Mind that although we fixed the random split initializing the random_state to a fixed integer, the results (accuracy) will change at every execution. In particular, the weights of the ANN are initialized randomly, therefore reteaining again the ANN on the same dataset (non extended) may produce different results. At times the random initialization of weights may be more favorable to the task, other time less favorable. Moreover, when extendin the training set we add noise which is random by nature, and therefore also this will be at times favorable to the classification tasks, and at time adverse (as we will see in the next section, on average over a long run it should be favorable).


In [4]:
#splitting in training and testing set
from sklearn.model_selection import train_test_split
feat_train, feat_test, lab_train, lab_test = train_test_split(features, labels, test_size=0.2, random_state=10)

#the estended feature set include the original features
#plus features with added gaussian noise (appending one extended array after the original)
feat_train_ext = np.append(feat_train,feat_train+np.random.normal(0,0.15,(feat_train.shape)),axis=0)

#as a consequence we also have to extend (doubling) the array of labels
lab_train_ext = np.append(lab_train,lab_train,axis=0)

#displaying the size of the original and extended arrays
print(feat_train.shape)
print(feat_train_ext.shape)
print(lab_train.shape)
print(lab_train_ext.shape)

#training the pipe and checking the accuracy 
pipe.fit(feat_train, lab_train)
lab_predict = pipe.predict(feat_test)
print('Accuracy without extended set:',sklearn.metrics.accuracy_score(lab_test, lab_predict))

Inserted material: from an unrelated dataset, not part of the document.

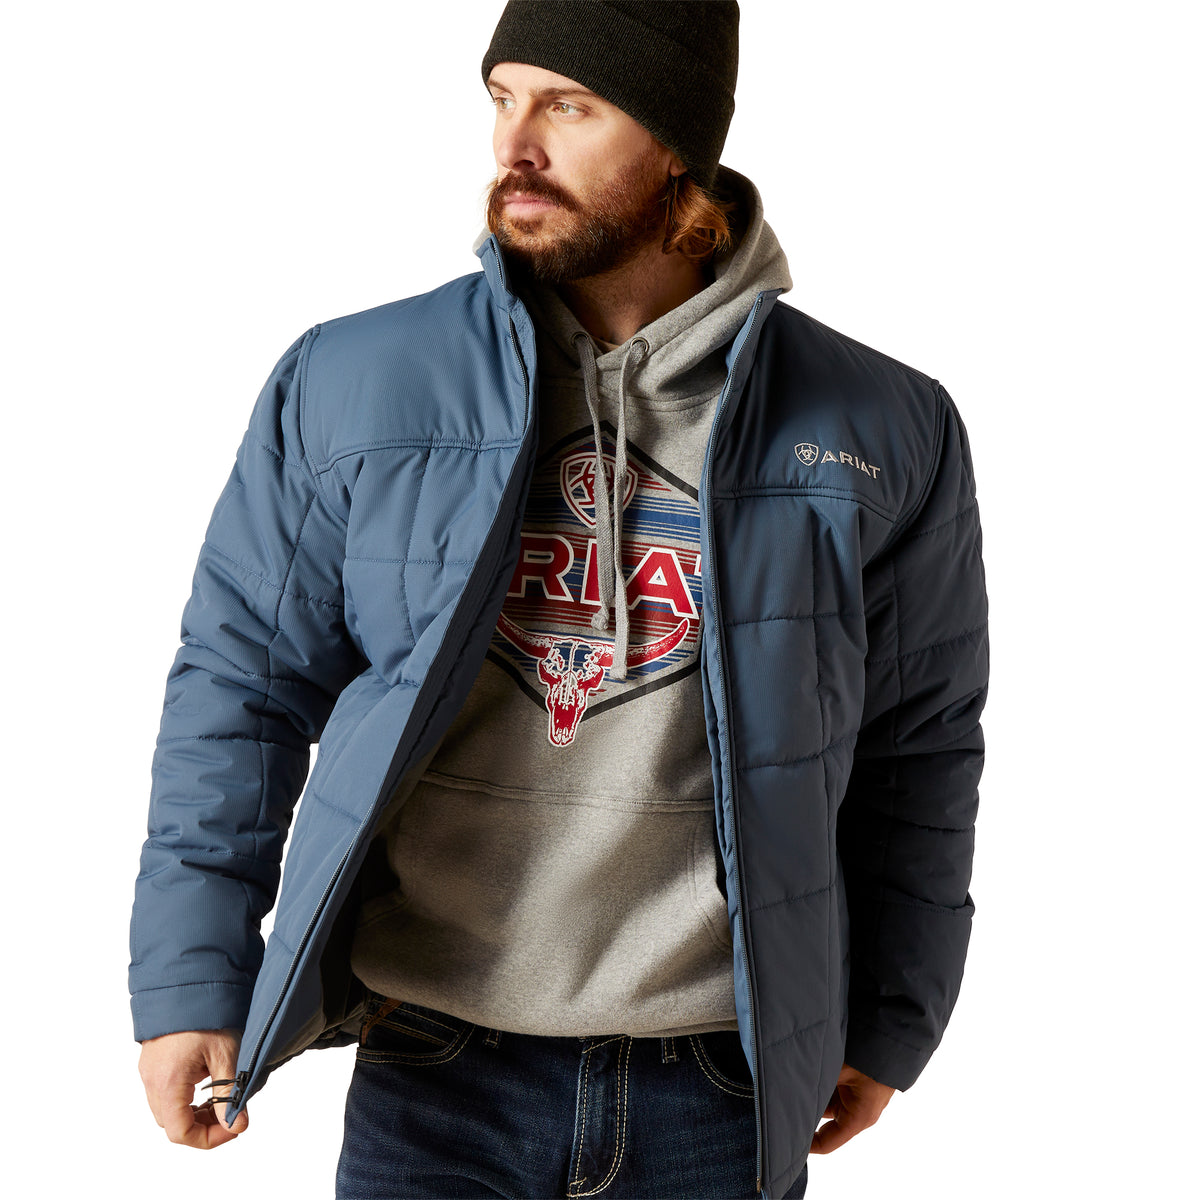 ARIAT MEN’S CRIUS INSULATED JACKET - STEELY

#training the pipe and checking the accuracy on extended set
pipe.fit(feat_train_ext, lab_train_ext)
lab_predict = pipe.predict(feat_test)
print('Accuracy with extended set:',sklearn.metrics.accuracy_score(lab_test, lab_predict))

(48, 20)
(96, 20)
(48,)
(96,)
Accuracy without extended set: 0.5
Accuracy with extended set: 0.4166666666666667


In [5]:
from sklearn.model_selection import RepeatedStratifiedKFold

#creating in the repeated stratified k-fold object
rskf = RepeatedStratifiedKFold(n_splits=5, n_repeats=10)

#empty list to store over the various iterations
accuracy = []

#iterating over the splits in the repeated stratified k-fold object (given our features and labels)
for train_index, test_index in rskf.split(features, labels):
    #creating features splits manually from indexes k fold indexes
    feat_train, feat_test = features[train_index], features[test_index] 
    #creating labels splits manually from indexes k fold indexes
    lab_train, lab_test = labels[train_index], labels[test_index]
    #extending features by adding noise
    feat_train_ext = np.append(feat_train,feat_train+np.random.normal(0,0.15,(feat_train.shape)),axis=0) #extending by adding noise
    #extending labels
    lab_train_ext = np.append(lab_train,lab_train,axis=0)
    #training
    pipe.fit(feat_train_ext, lab_train_ext)
    #inference of test set
    lab_predict = pipe.predict(feat_test)
    #computing accuracy and adding to array (later compute mean and variance)
    accuracy.append(sklearn.metrics.accuracy_score(lab_test, lab_predict)) 

print('Accuracy mean and variance', np.mean(accuracy),np.var(accuracy),'\n')

Accuracy mean and variance 0.7633333333333333 0.011211111111111111 



### 2. Follow up activity

Take a classifier you have previously trained, in which you suspect that overfitting was an issue (perhaps try to plot the decision boundaries). Make an attempt to add noise manually to see if this improved performances.